Text-to-image generation is the algorithmic process of the moment, with OpenAI’s Craiyon (formerly DALL-E mini) and Google’s Imagen AI’s unleashing tidal waves of wonderfully weird, procedurally generated art synthesized from the imaginations of humans and computers. On Tuesday, Meta announced that they too have developed an AI imaging engine that they hope will help build immersive worlds in the Metaverse and create high-quality digital art.
It’s a lot of work to create an image based only on the phrase “There’s a horse in the hospital” when using an AI generation. First, the phrase itself is fed through a transformer model, a neural network that analyzes the words of the sentence and develops a contextual understanding of their relationship to one another. Once it gets the gist of what the user is describing, the AI synthesizes a new image using a series of GANs (Generative Adversarial Networks).
Thanks to efforts over the last few years to train ML models on increasingly rich, high-resolution image sets with well-curated text descriptions, today’s cutting-edge AIs can create photorealistic images of almost any nonsense you feed them. The specific creation process differs between AIs.

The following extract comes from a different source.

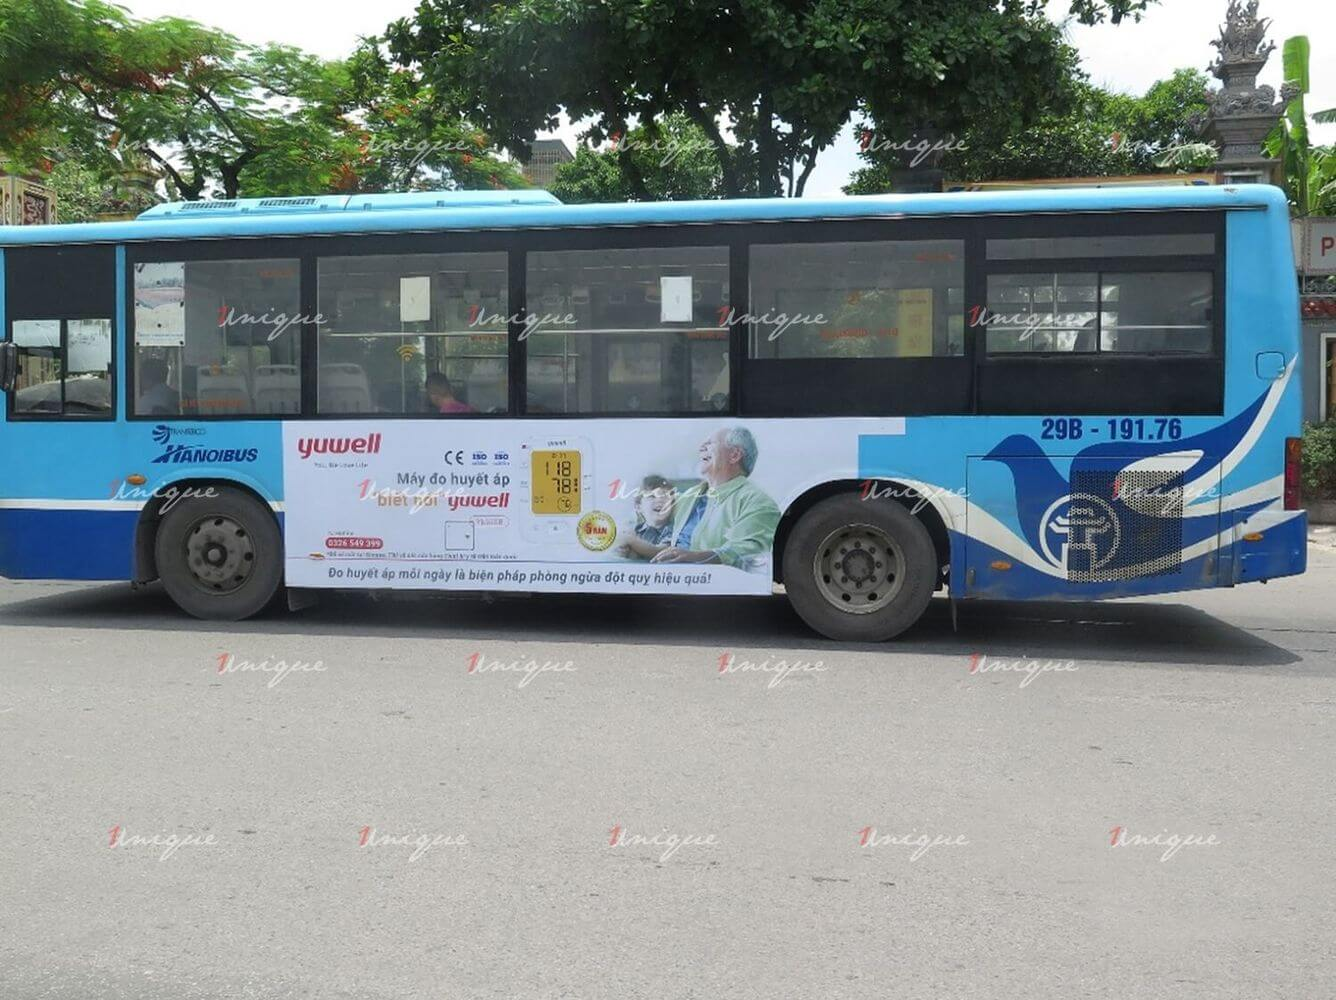 Yuwell quảng cáo trên xe buýt tại Hà Nội

For example, Google’s Imagen uses a diffusion model “that learns to turn a pattern of random dots into images,” according to a June keyword to blog. “These images start out at low resolution and then gradually increase in resolution.” Google’s Parti AI, on the other hand, “first converts a collection of images into a sequence of code inputs, much like puzzle pieces. A given text prompt is then translated into these code entries and a new image is created.”
While these systems can create almost anything written to them, the user has no control over the specific aspects of the output image. “To realize the potential of AI to fuel creative expression,” Meta CEO Mark Zuckerberg explained in Tuesday’s blog, “humans need to be able to shape and control the content generated by a system.”

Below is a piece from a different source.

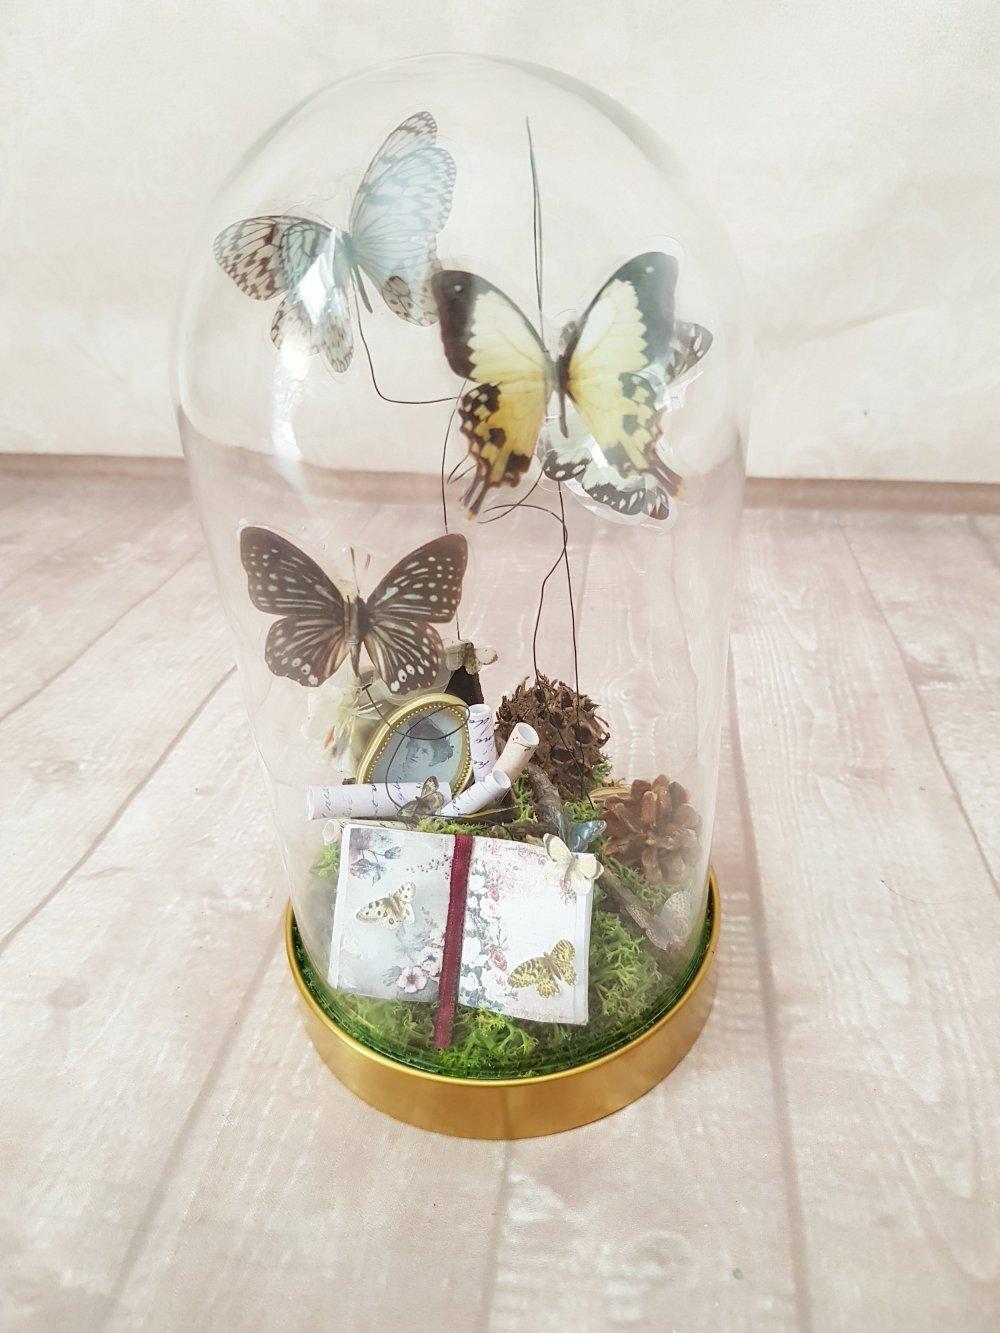 Que Mettre Sous Une Cloche En Verre cabinet cloche sous verre forme dôme thème papillon nature forêt cabinet  curiosité saison printemps papillon exotique taxidermie

The company’s “exploratory AI research concept” called Make-A-Scene does just that, incorporating user-created sketches into its text-based image generation and outputting a 2,048 x 2,048 pixel image. This combination allows the user not only to describe what they want in the image, but also to dictate the overall composition of the image. “It shows how people can use both text and simple drawings to convey their vision with greater specificity, using a variety of elements, shapes, arrangements, depth, compositions, and textures,” Zuckerberg said.
In tests, a panel of human evaluators overwhelmingly chose the text-and-sketch image over the text-only image as it compared better with the original sketch (99.54 percent of the time) and better 66 percent of the time matched the original text description. To further develop the technology, Meta has shared its Make-A-Scene demo with prominent AI artists such as Sofia Crespo, Scott Eaton, Alexander Reben and Refik Anadol, who will be using the system and providing feedback. There is no word on when the AI will be released to the public.
All products recommended by Engadget are selected by our editorial team independently from our parent company. Some of our stories contain affiliate links. If you buy something through one of these links, we may receive an affiliate commission.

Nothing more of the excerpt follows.